House Question Time, formally known as questions without notice, is an institution in the Commonwealth Parliament and in all state parliaments. Questions to government ministers normally alternate between government members and the opposition, with the opposition going first. Questions of ministers are generally asked by their counterpart shadow ministers (or in the case of a minister and corresponding shadow minister are each members of a different House of Parliament, then the shadow minister's representative in the other House asked questions to the relevant minister) in the opposition, and are always asked by backbenchers on the government side. In the House of Representatives, the first question is usually asked of the prime minister by the Leader of the Opposition. Similar arrangements apply in the Senate. To accommodate the distribution of ministers between both chambers, ministers also take on representative roles, answering questions relating to portfolios that are not their own because the responsible minister sits in the other chamber. This allows questioners to ask questions about any government portfolio in either chamber. This normally includes the Leader of the Government in the Senate representing the prime minister in response to questions asked by senators about general government policy. Sometimes a government Minister will arrange for a government backbencher to "ask" a question, commonly called a Dorothy Dixer, to enable the Minister to make a political speech or otherwise score political points.
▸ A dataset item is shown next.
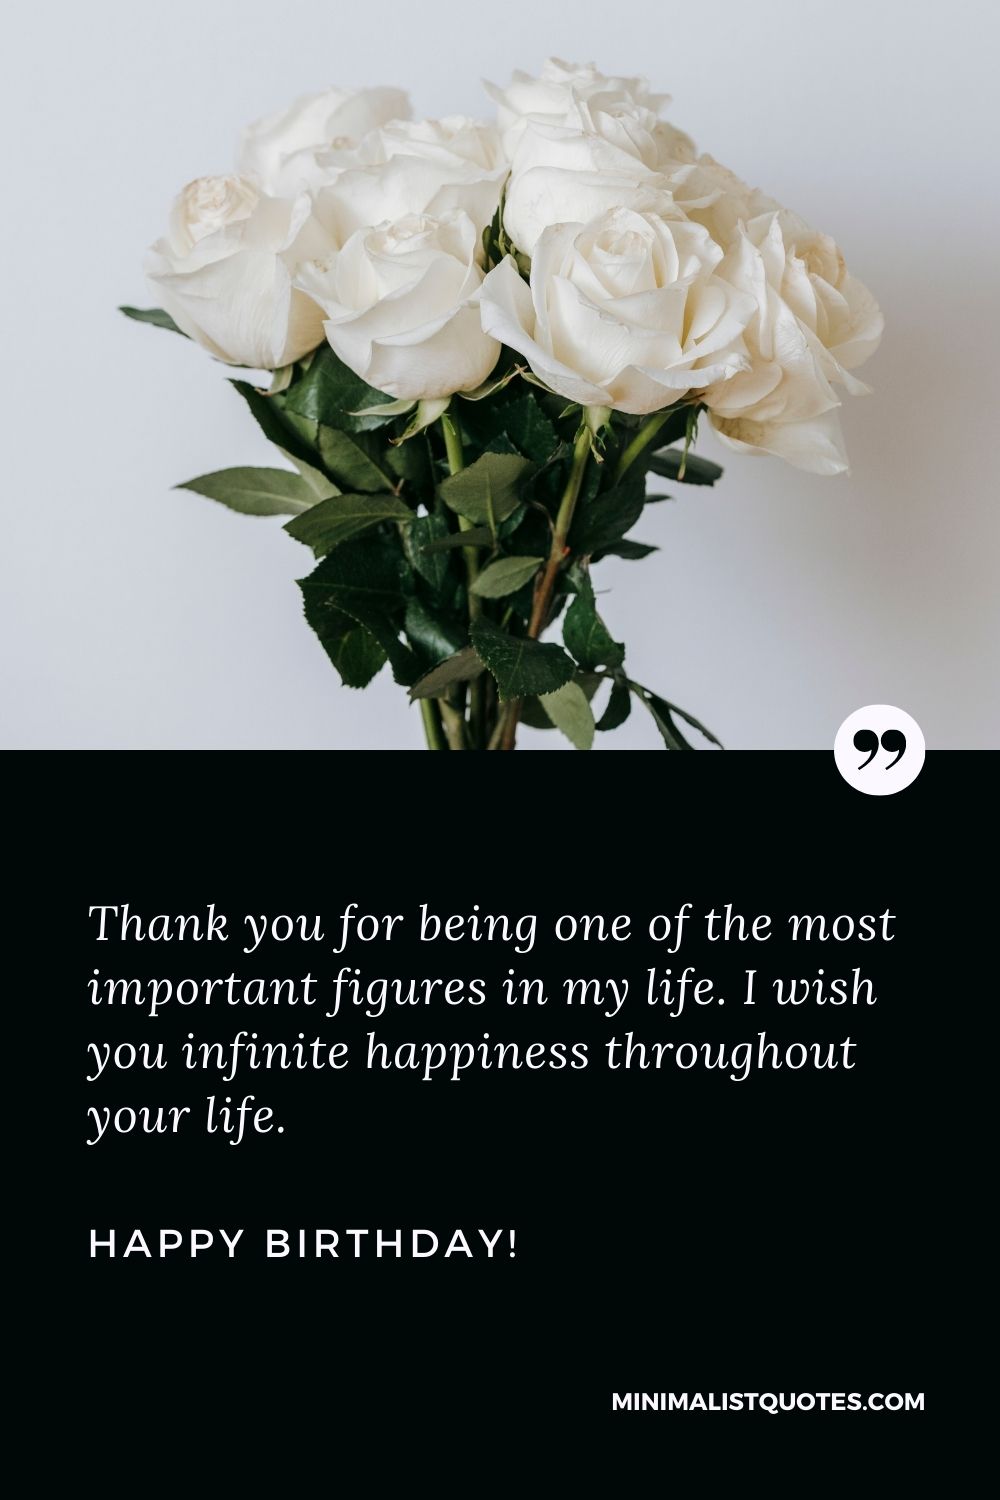 105 Short & Simple Birthday Wishes for the Minimalist in You - YourFates   Simple happy birthday wishes, Simple birthday message, Birthday wishes for  lover

Convention allows the prime minister in the House, and the Leader of the Government in the Senate, to terminate question time by asking that "further questions be placed on the Notice Paper". This is not a formal motion but an indication that, even if further questions were asked, ministers would not answer them since they are not compelled to do so. It is possible in this way to prematurely terminate question time, although this is rare in the House and essentially unheard of in the Senate. During the Keating Government, the prime minister attempted to limit the number of questions asked in a way the Liberal Opposition disapproved of. To protest the change, the Opposition made random quorum calls through the afternoon for every question they felt they had been denied that day. In the House, question time is generally scheduled from 2pm to 3:15 pm on every sitting day; in the Senate, it generally occurs from 2pm to 3pm. Apart from divisions, it is the only time the chamber is likely to be filled.
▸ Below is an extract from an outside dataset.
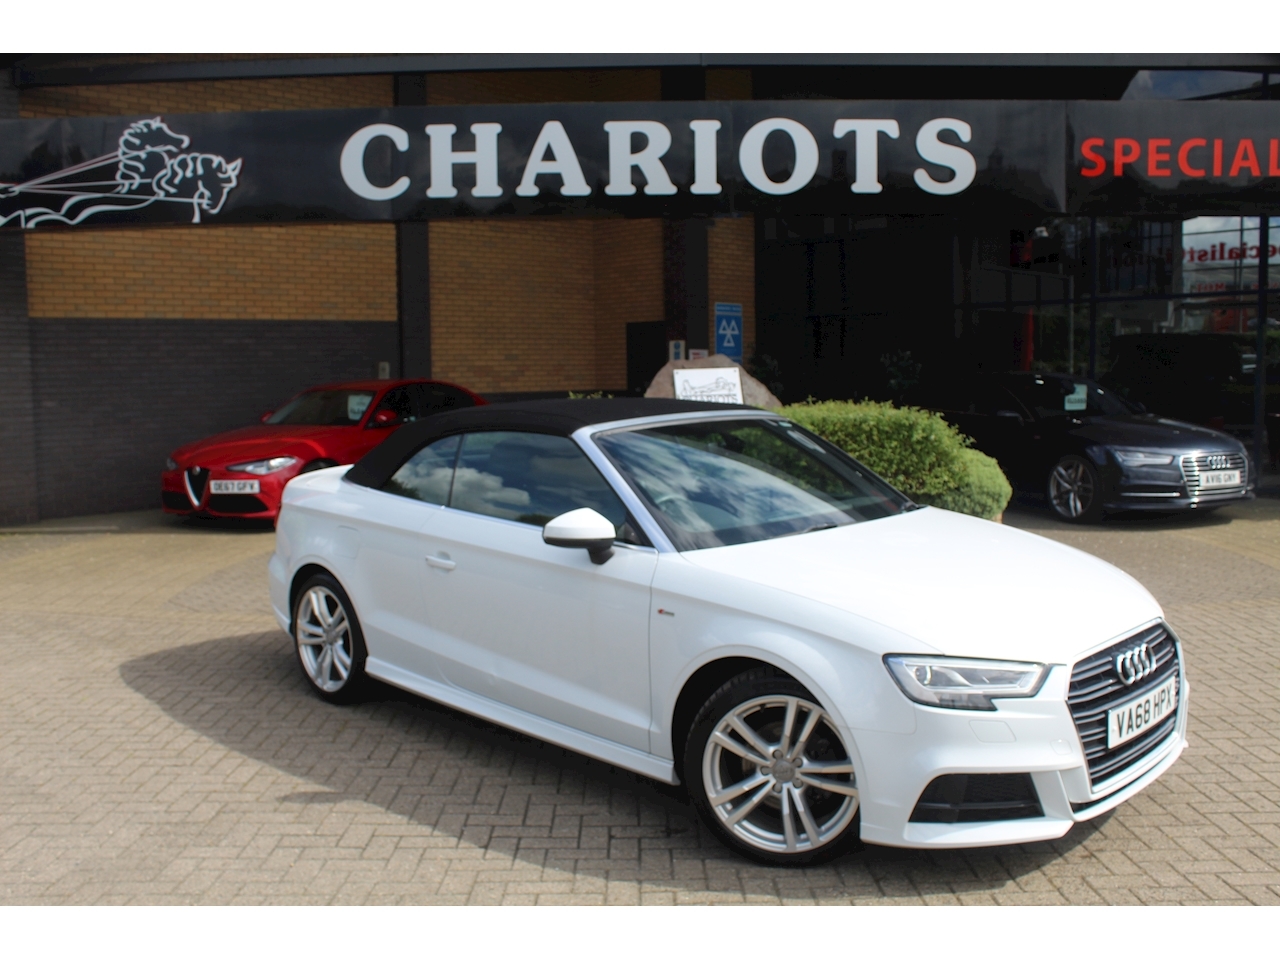 1.5 TFSI CoD 35 S line Cabriolet 2dr Petrol Manual (s/s) (150 ps)

Tactically, it is considered an important defining characteristic for an Opposition Leader to be able to ask a pertinent question of the prime minister or premier, or to single out perceived weak performers in the Ministry.

Interjections from both government and opposition members in the House of Representatives and the Senate are common, and broadly speaking are an accepted practice, although the speaker of the House or the president of the Senate will intervene if interjections become too frequent, if they contain inappropriate content, or if the member interjecting is disrupting debate. Given that question time is the only time of day when all members of Parliament are in their respective chambers, the appearance of question time can be rowdy and boisterous compared to the normally sedate activity during the rest of the day.

In the past, questions and answers had no time limits, only an expectation that ministers would wind up their answers after a "reasonable" amount of time, whatever constituting reasonable being entirely at the discretion of the Chair. Prime Minister Paul Keating famously gave answers exceeding 10 and sometimes 15 minutes, leading to frequent complaints from the opposition. Following the 2010 federal election, changes to the standing orders imposed a 45-second time limit for questions and a four-minute time limit for answers in the House of Representatives. This was reduced to 30 seconds for questions and three minutes for answers when the standing orders were again amended following the 2022 federal election. In the Senate, a questioner may ask an initial question and two supplementary questions related to their initial question. Each question has a one-minute time limit. Answers to initial questions are limited to three minutes, and answers to supplementary questions are limited to one minute. A senator may also move to 'take note' of a minister's answer after question time, allowing questioners (generally Opposition senators) to respond to the answers provided by ministers.

It is very common for points of order to be raised during question time on the issue of relevance, as a Minister answering questions will normally attempt to redirect the answer to an attack on their opponents. However, as long as the Minister is talking on the general subject of the matter raised in the question, it is usually considered relevant to the question, even if it does not address the specific issue raised in the question at all.

State parliaments adopt similar practices to the federal Parliament with the exception of the Parliament of Victoria, where, since 2015, government backbenchers are no longer entitled to ask questions during question time. As a replacement, ministers can make two-minute ministerial statements to the chamber (see Dorothy Dixer).

Question time has been broadcast on ABC Radio since 1946 and televised since 1991 by the Australian Broadcasting Corporation.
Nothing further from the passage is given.